Cumhuriyetimizin 90. yıldönümünü büyük bir şevk, heyecan ve gururla idrak ediyoruz.
7 düvel tarafından bölünüp, parçalanıp, küçük bir coğrafyaya sıkıştırılmaya çalışılan aziz milletimiz; varlığına, birliğine ve son yurduna kanıyla, canıyla sahip çıkmış ve bedeli ne olursa olsun teslim olmayacağını ispatlamıştır.
Millet yaşadıkça, bölünmez bütünlüğü korundukça her türlü mihnet ve zahmetin sonuçsuz kalacağı, saldırıların da hükümsüz bırakılacağı böylelikle gösterilmiştir.
Büyük milletimiz, 29 Ekim 1923 tarihinde, kutlu mazisinin en önemli stratejik silkinişlerinden birini yapmış, içteki ve dıştaki art niyetli odaklara asla fırsat vermeyeceğini azim ve cesaretle ortaya koymuştur.
Bu kapsamda Türkiye Cumhuriyeti; şehit kanıyla, savaş meydanlarındaki kahramanlıklarla ve hakkını hiçbir zaman ödeyemeyeceğimiz fedakârlıklarla vücut bulmuş ve sonsuza kadar yaşamayı da ziyadesiyle hak etmiştir.
Tarihteki sayısız badireyi geçerek, tuzakları bozarak yolunda kararlı adımlarla yürüyen Türk milleti, Cumhuriyetle birlikte ileriye ve müreffeh bir seviyeye erişme niyetini de açıklıkla ilan etmiştir.
Ne var ki Cumhuriyetin 90. Yılını idrak ettiğimiz bu günlerde, içinden geçtiğimiz bu süreçte, Cumhuriyet ruhunun bölücü niyet ve saldırılarla sarsılmasına, üniter devlet yapısının tahrip edilme gayretlerine herkes şahit olmaktadır.
PKK ele başı ile sürdürülen gizli pazarlıklarla, bölücü terör örgütünün bez parçası serbest bırakılmakta, şanlı bayrağımız yasaklanmaya çalışılmaktadır.
“PKK geri çekiliyor”, kandırmacasıyla asıl, asker ve polisimiz geri çekilip pasifize edilmekte, bölücü teröristler, “Apo’nun Asayiş Timleri” adı altında, Güneydoğu’daki bazı illerde, gündüz dahi yol kesip kimlik kontrolü yapmaya cüret edebilmektedir.
Andımız kaldırılarak, aslında “adımız” yok edilmek istenmektedir.
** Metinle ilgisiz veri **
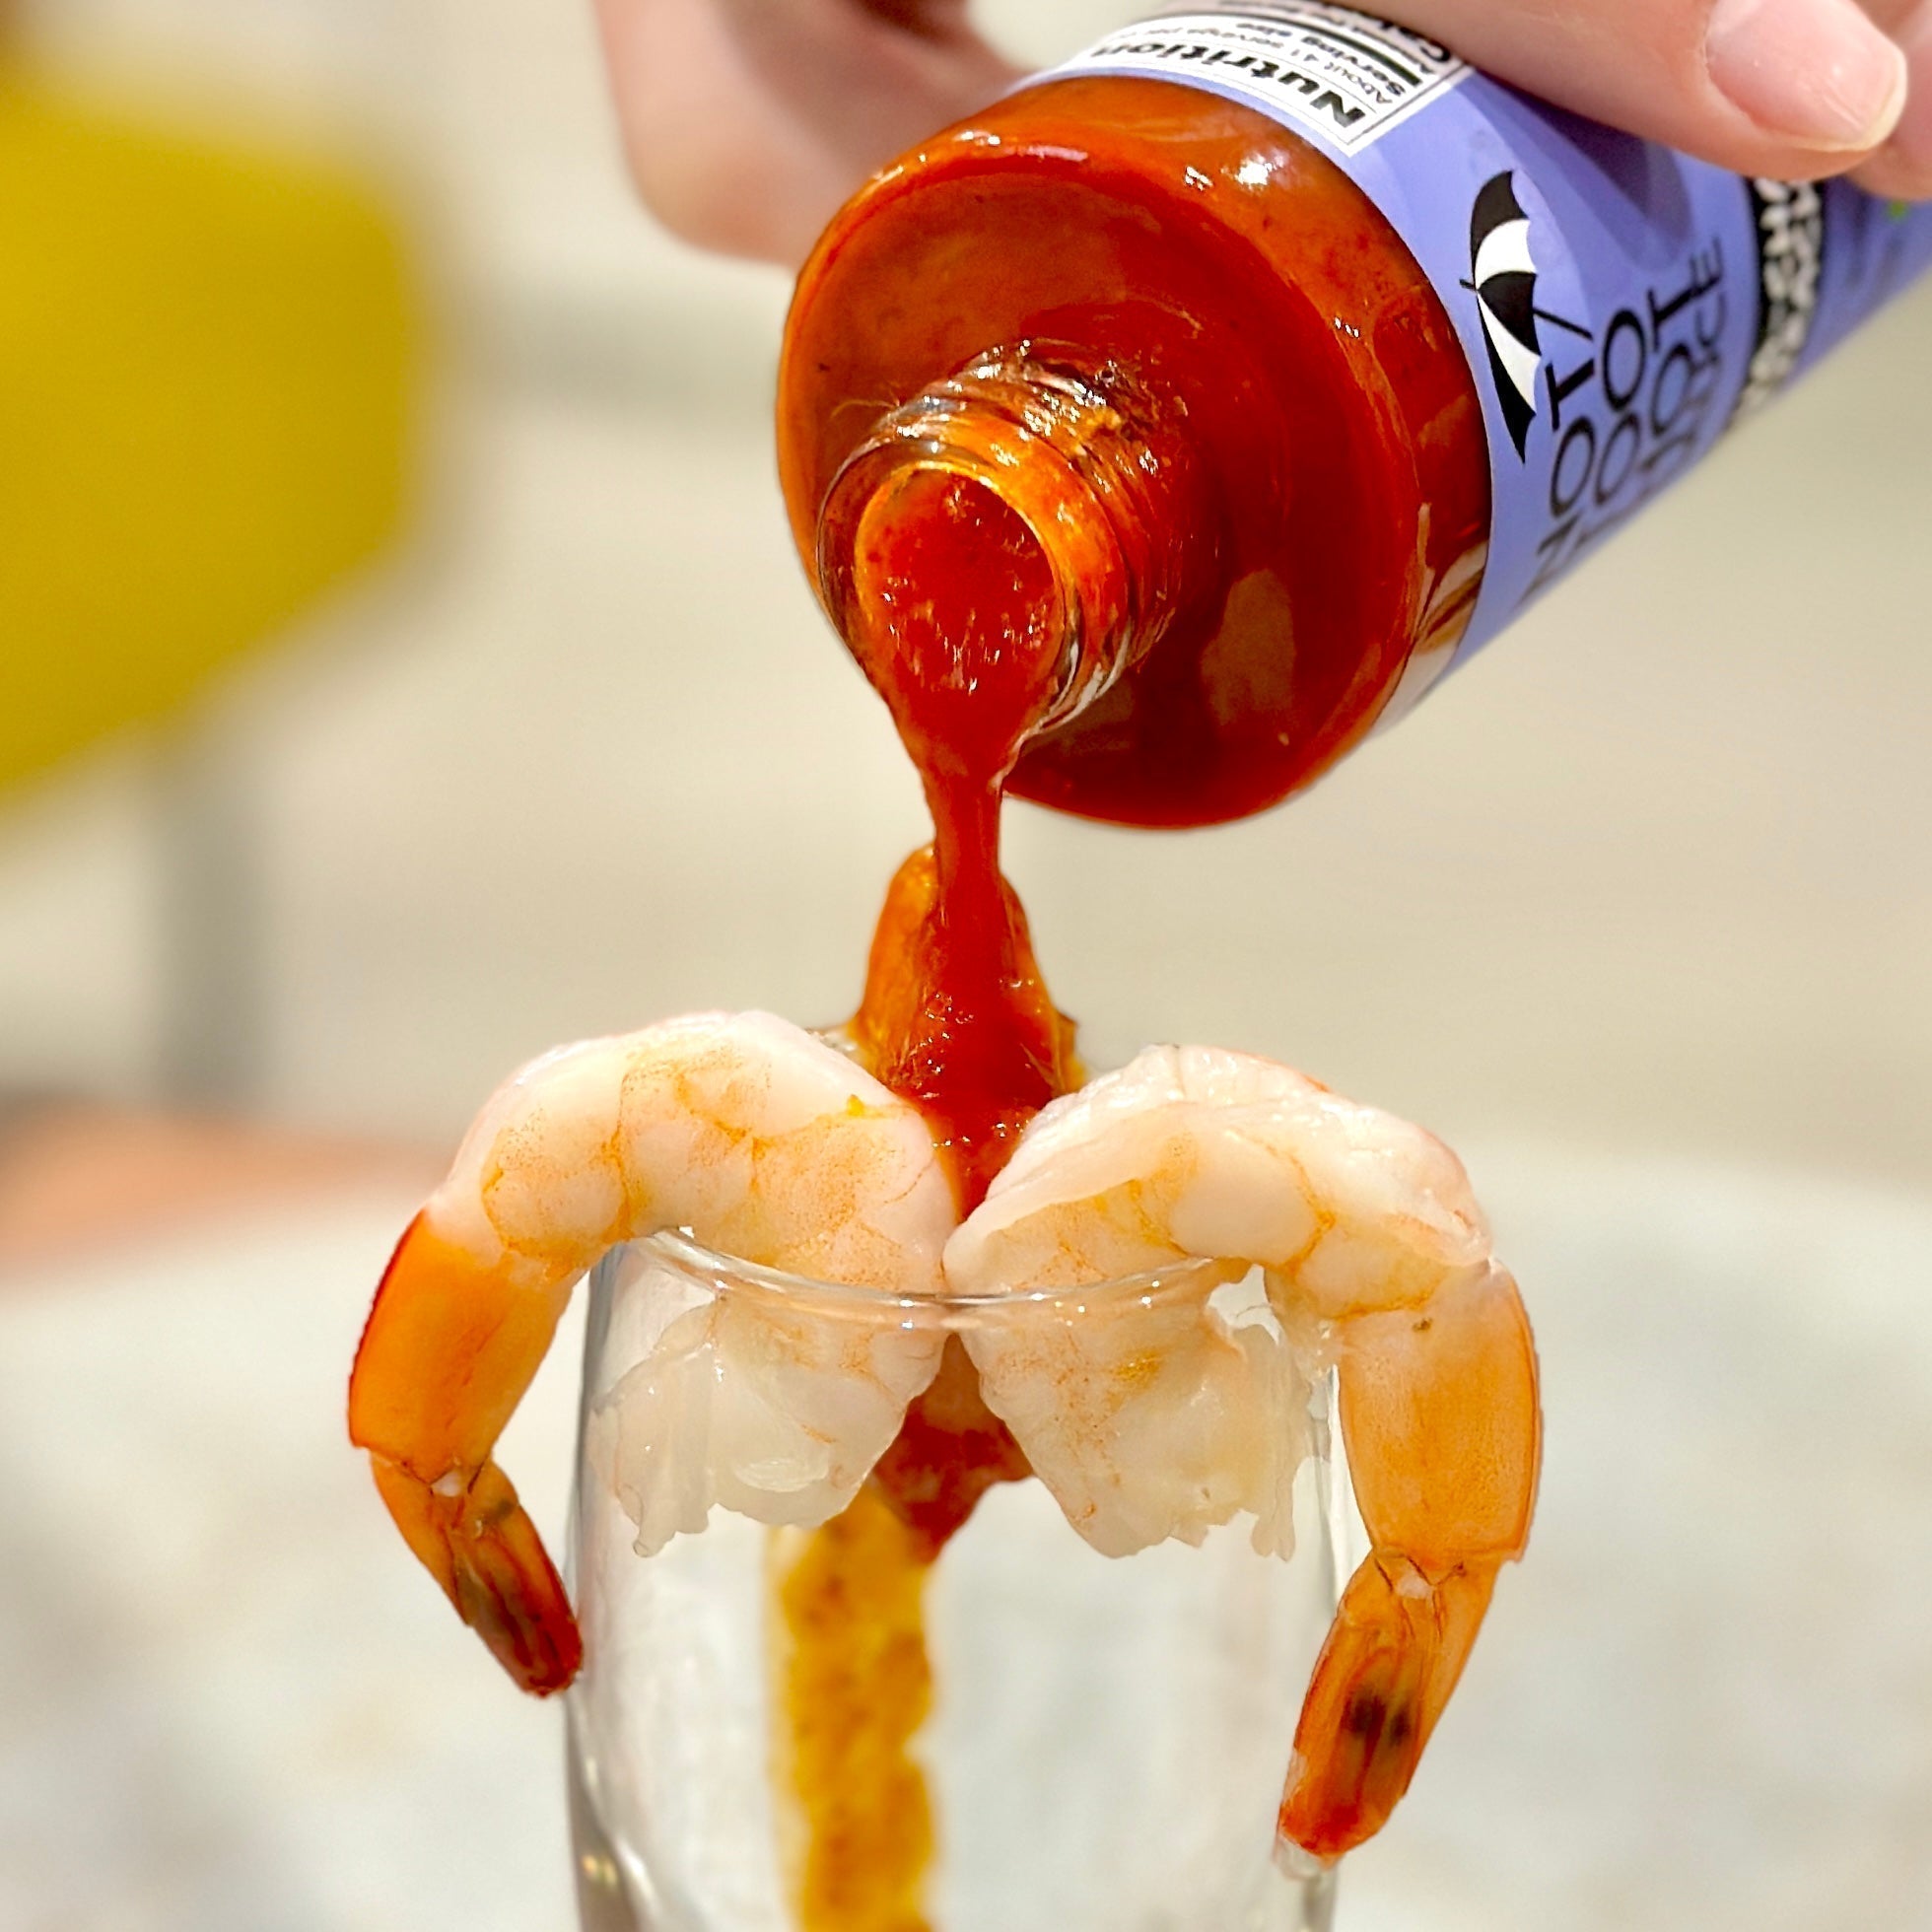 Cha-Cha-Sriracha 7 oz. Sriracha Hot Sauce - Try for $3! Not Too Hot Sauce

Hükumet, haçlıların Büyük Ortadoğu projesine eş başkan olmakta, haçlı zihniyetinin talepleri doğrultusunda kiliseler ve ruhban okulu açmaktadır.
Dozu ve etkisi sürekli genişleyen, destek ve himaye görerek yayılan, ilave olarak terörle arkalanan etnik temelli fitnenin en başta Cumhuriyet’in yaşaması konusunda büyük bir tehdit olduğu şüphesizdir.
Herkes bilmeli ve unutmamalıdır ki, Türk milleti son vatanında ettiği 90 yıllık yemininden şartlar ne olursa dönmeyecek, bin yıllık kardeşlik hukukunu ihlal etmeyecek ve ihanete sevineceği imkânı inşallah sunmayacaktır.
Şanlı bayrağımız inmeyecek, ezan susmayacak, vatan bölünmeyecektir.
Haçlı zihniyetli küresel güçlerin yedeğinde ve gölgesinde olanların, bu gerçeği akıllarından çıkarmaması şüphesiz hayırlarına olacaktır.
Muazzam mücadelelerle fikri hür, irfanı hür ve vicdanı hür nesillerin yetişmesini temin eden başta Gazi Mustafa Kemal Atatürk olmak üzere, tüm kurucu kahramanları saygı ve minnetle yâd ediyorum.
Cumhuriyet; ateşle girdiğimiz imtihandan, zaferle çıktığımız İstiklal Harbimizin tacı, unvanı ve ilelebet yaşayacak son kararıdır.
Bu duygu ve düşüncelerle, büyük Türk milletinin Cumhuriyet Bayramı’nı içtenlikle kutluyorum.